Comme l’exprime le docteur Daniel Chisholm, chef de programme pour la santé mentale à l’OMS/Europe, « les nouvelles lignes directrices montrent que nous devons agir sur les comportements qui augmentent le risque de démence, tels que le tabagisme, l’inactivité physique et une mauvaise alimentation, de la même manière que nous le faisons pour des maladies comme le cancer, le diabète et les AVC ».

Selon les estimations, 10 millions de personnes seraient atteintes de démence dans la Région européenne de l’OMS

L’OMS estime que près de 50 millions de personnes souffrent de démence dans le monde, un chiffre qui devrait augmenter pour atteindre les 75 millions au cours des 10 prochaines années.

Quelque 10 millions de personnes seraient atteintes de démence dans la Région européenne de l’OMS et pourtant, seuls 16 des 53 États membres de la Région ont, à ce jour, élaboré un plan d’action national contre la démence. Certains pays, comme la Bulgarie, la Slovénie et la Tchéquie sont aux prises avec une pénurie d’agents de santé suffisamment formés pour gérer cette maladie, ce qui dénote un niveau de préparation insuffisant pour répondre efficacement à ce défi de santé publique dans la Région.

Des outils et des lignes directrices pour venir en aide aux pays

Pour relever ce défi de santé publique, l’Assemblée mondiale de la santé a adopté le Plan d’action mondial de santé publique contre la démence 2017-2025. Les États membres de l’OMS sont également exhortés à élaborer et à mettre en œuvre leurs propres plans nationaux.

Pour aider les États membres à mettre en œuvre ce plan d’action mondial, l’OMS a élaboré un certain nombre d’outils et de guides techniques. Ceux-ci comprennent, outre l’ouvrage intitulé « Guidelines for risk reduction of cognitive decline and dementia » [Lignes directrices pour la réduction des risques de déclin cognitif et de démence], le guide « Towards a dementia plan » [Pour un plan de lutte contre la démence], qui propose un processus étape par étape permettant aux autorités nationales et aux acteurs concernés de déterminer les besoins, les priorités et un cadre d’action local.

À l’intention des décideurs et des chercheurs, l’OMS a également créé – et héberge – l’Observatoire mondial de la démence, pour faciliter la surveillance et l’échange d’informations entre pays sur les politiques, la prestation de services, l’épidémiologie et la recherche en matière de démence.

Lutter contre la démence dans le contexte du vieillissement de la population

La population de la Région européenne de l’OMS vieillit rapidement ; le nombre de personnes atteintes de démence va donc considérablement augmenter.

Avec 100 000 personnes souffrant d’une forme quelconque de démence, la Bulgarie, par exemple, a l’une des populations les plus âgées de la Région, et l’une de celles qui vieillit le plus rapidement. Bien que ce pays n’ait pas encore adopté de plan national contre la démence, un projet de nouvelle stratégie nationale est à l’étude dans ce domaine. Entre-temps, la Société bulgare de la démence a mis en place des programmes d’éducation et de formation pour les médecins généralistes, afin qu’ils soient mieux à même de diagnostiquer et de traiter la démence plus tôt dans l’évolution de la maladie.

En Tchéquie, un plan d’action national révisé contre la démence est en cours d’élaboration, suivant des éléments clés du guide de l’OMS intitulé « Towards a dementia plan ». Il devrait être lancé cette année encore.

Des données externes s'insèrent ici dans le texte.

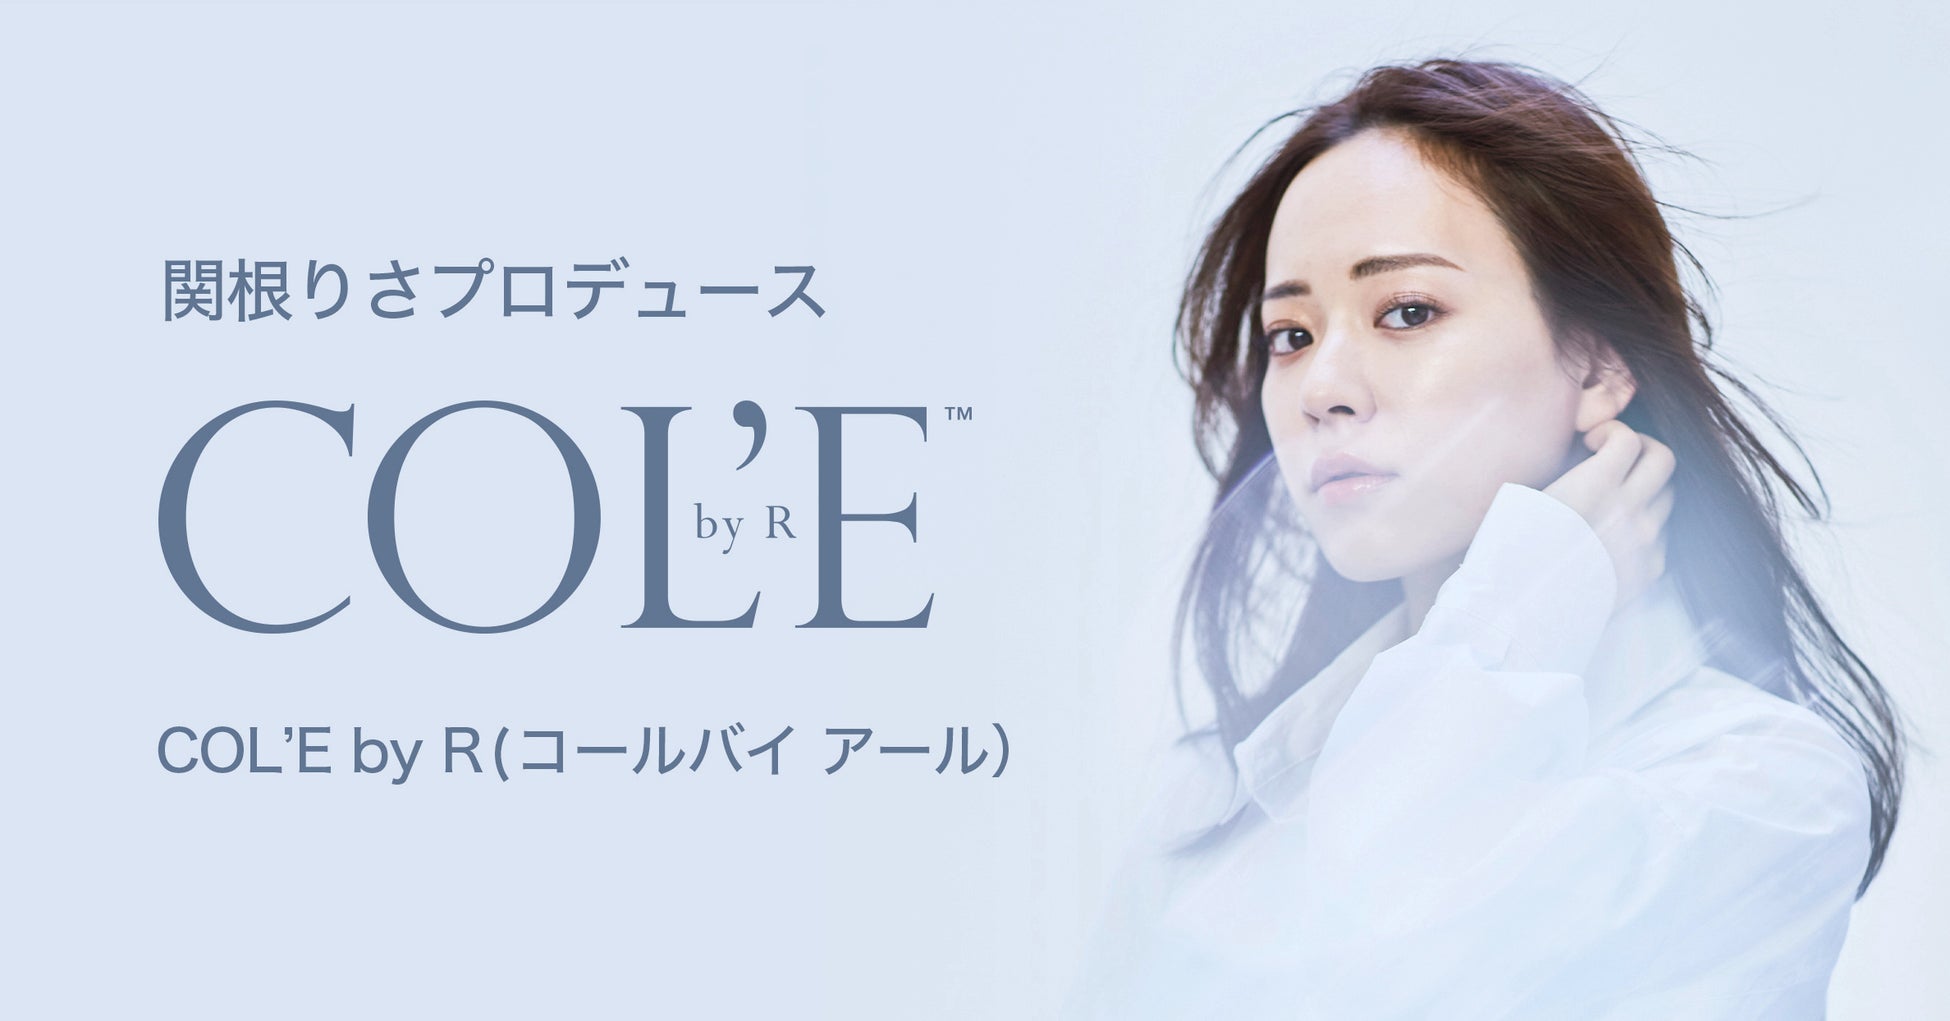 美容系YouTuber、関根りさがプロデュースしたコスメブランド「COL’E by R（コールバイアール）」が9月5日より@cosme TOKYOにて販売開始
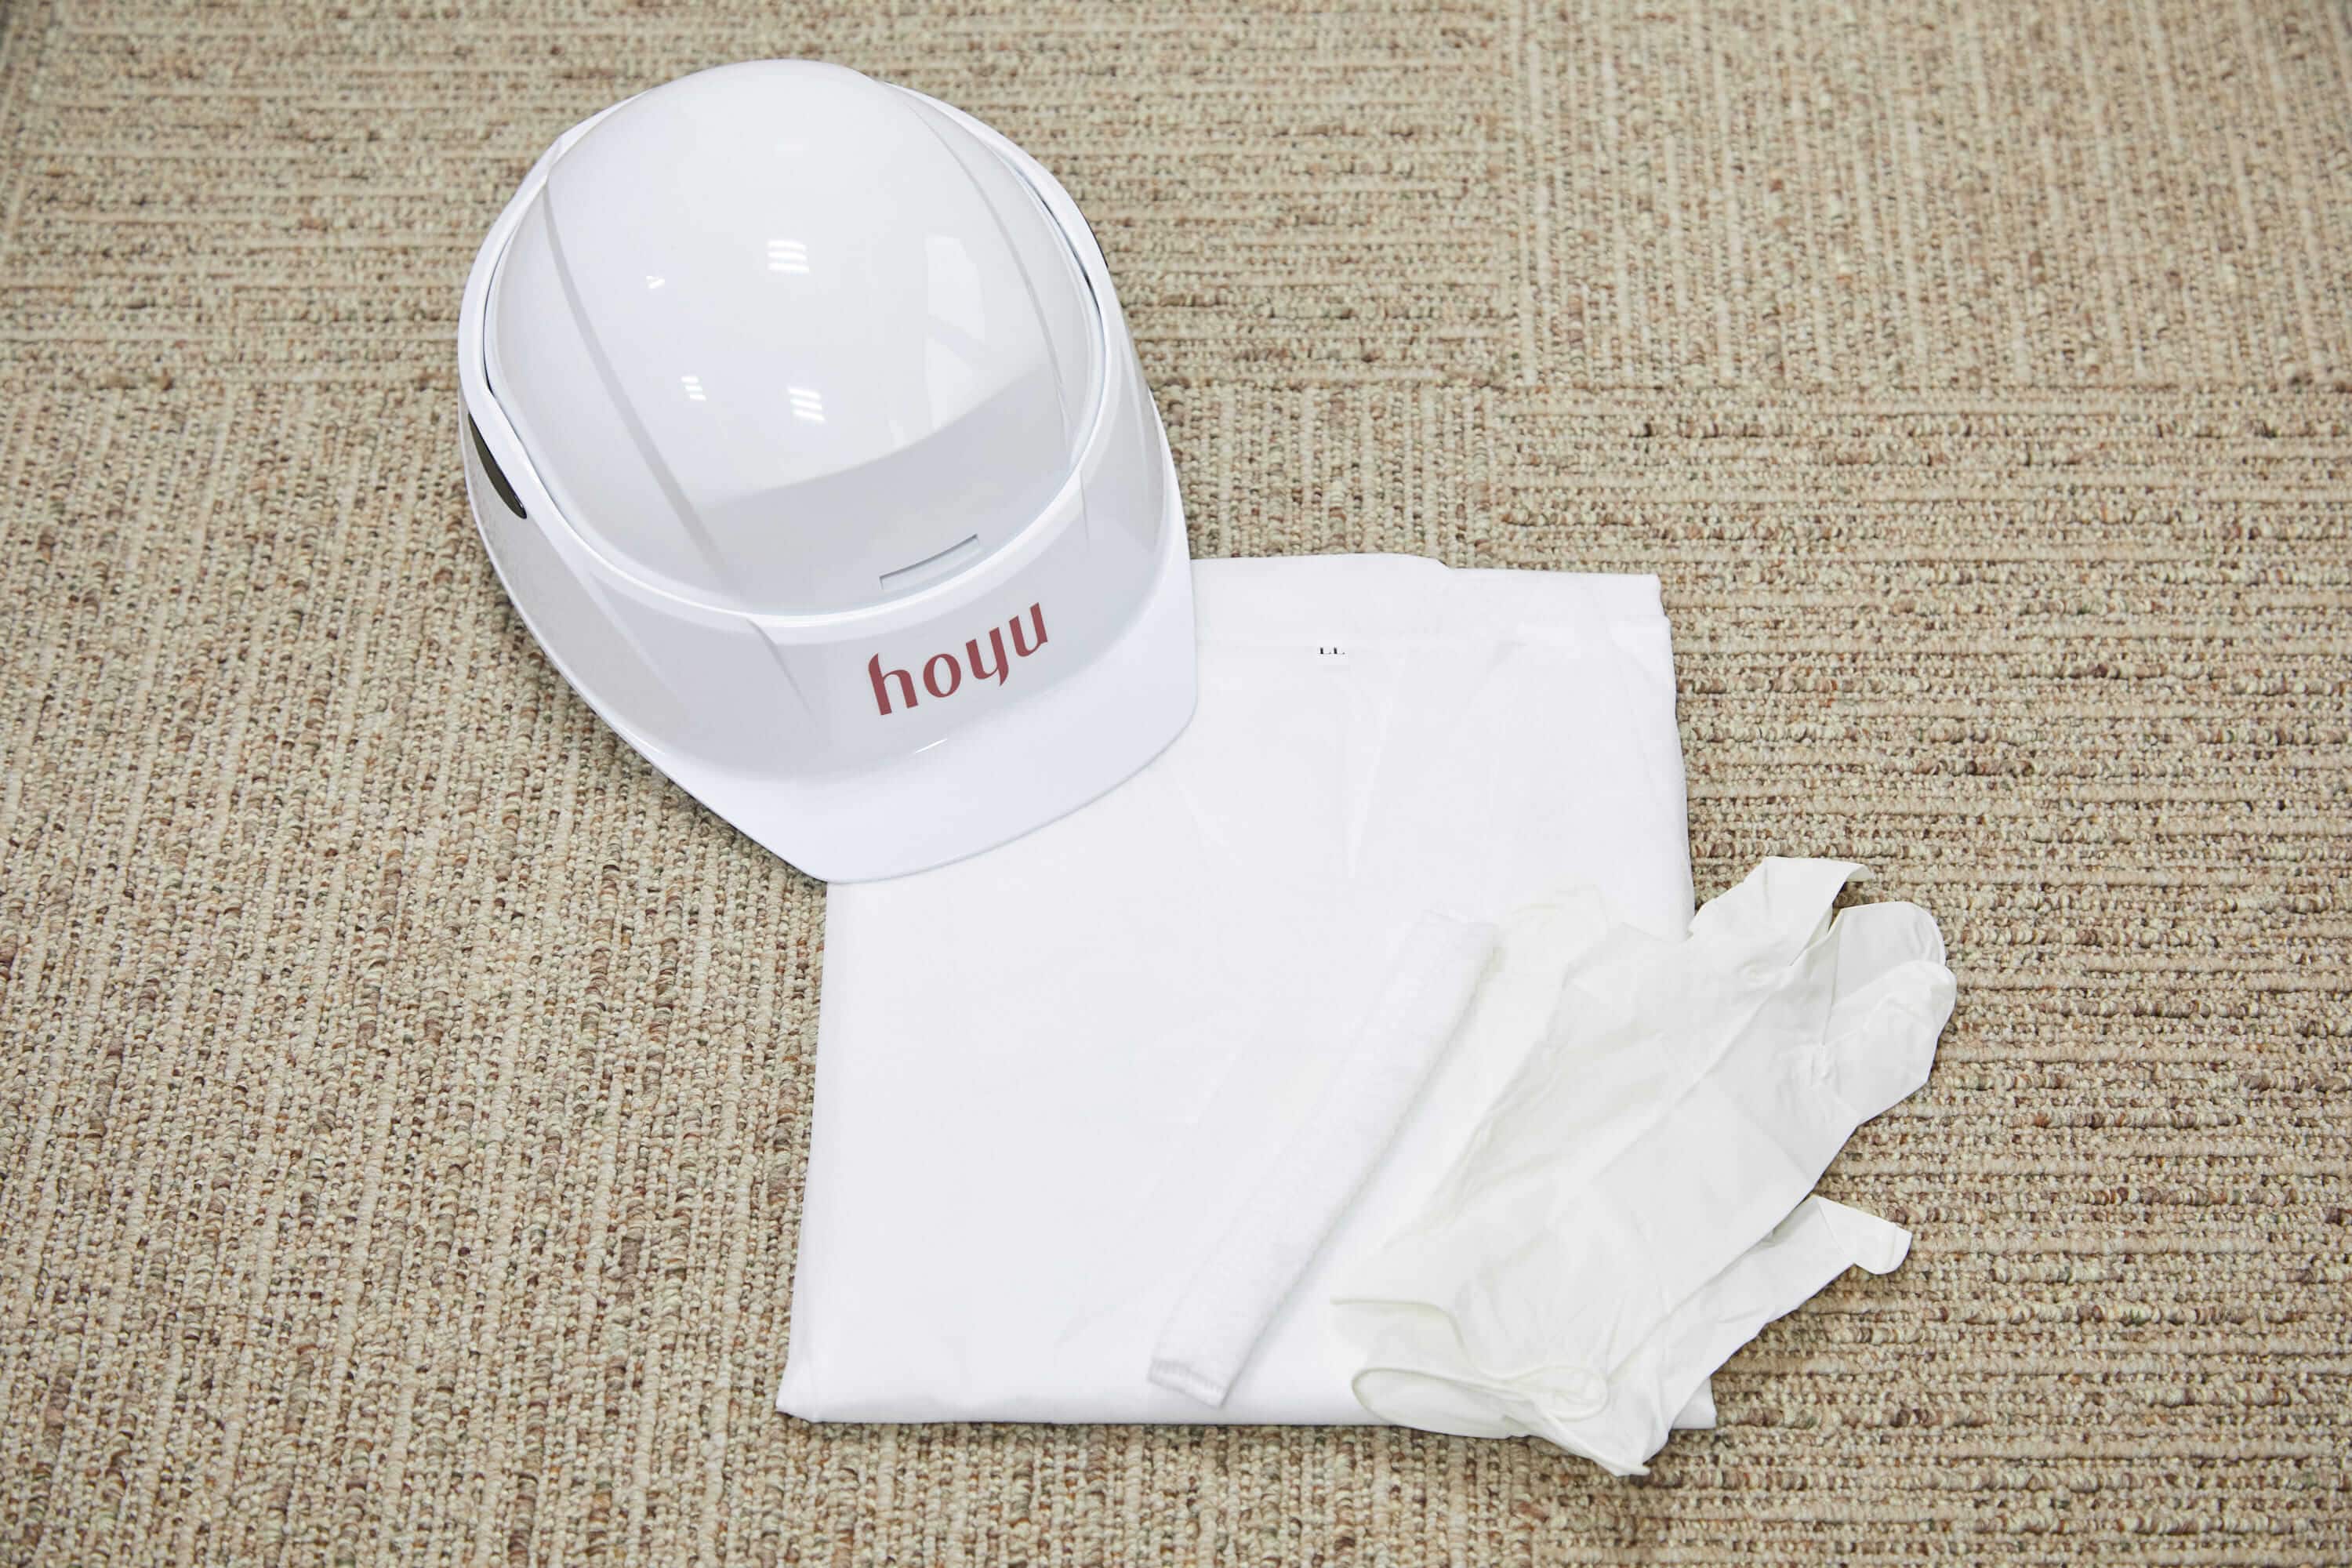 工場指定の白衣、手袋、ヘルメット

La Slovénie, pour sa part, a lancé en 2016 sa stratégie nationale de lutte contre la démence. Aujourd’hui, elle a bien progressé dans la concrétisation des principaux objectifs et volets de cette stratégie, qui fait intervenir plusieurs secteurs ministériels et acteurs locaux.

La mise en œuvre des plans de lutte contre la démence exige une action intersectorielle concertée et devra inclure l’éducation et la formation continue des médecins généralistes et des autres professionnels de santé, ainsi que la collecte et l’observation continues et améliorées des données.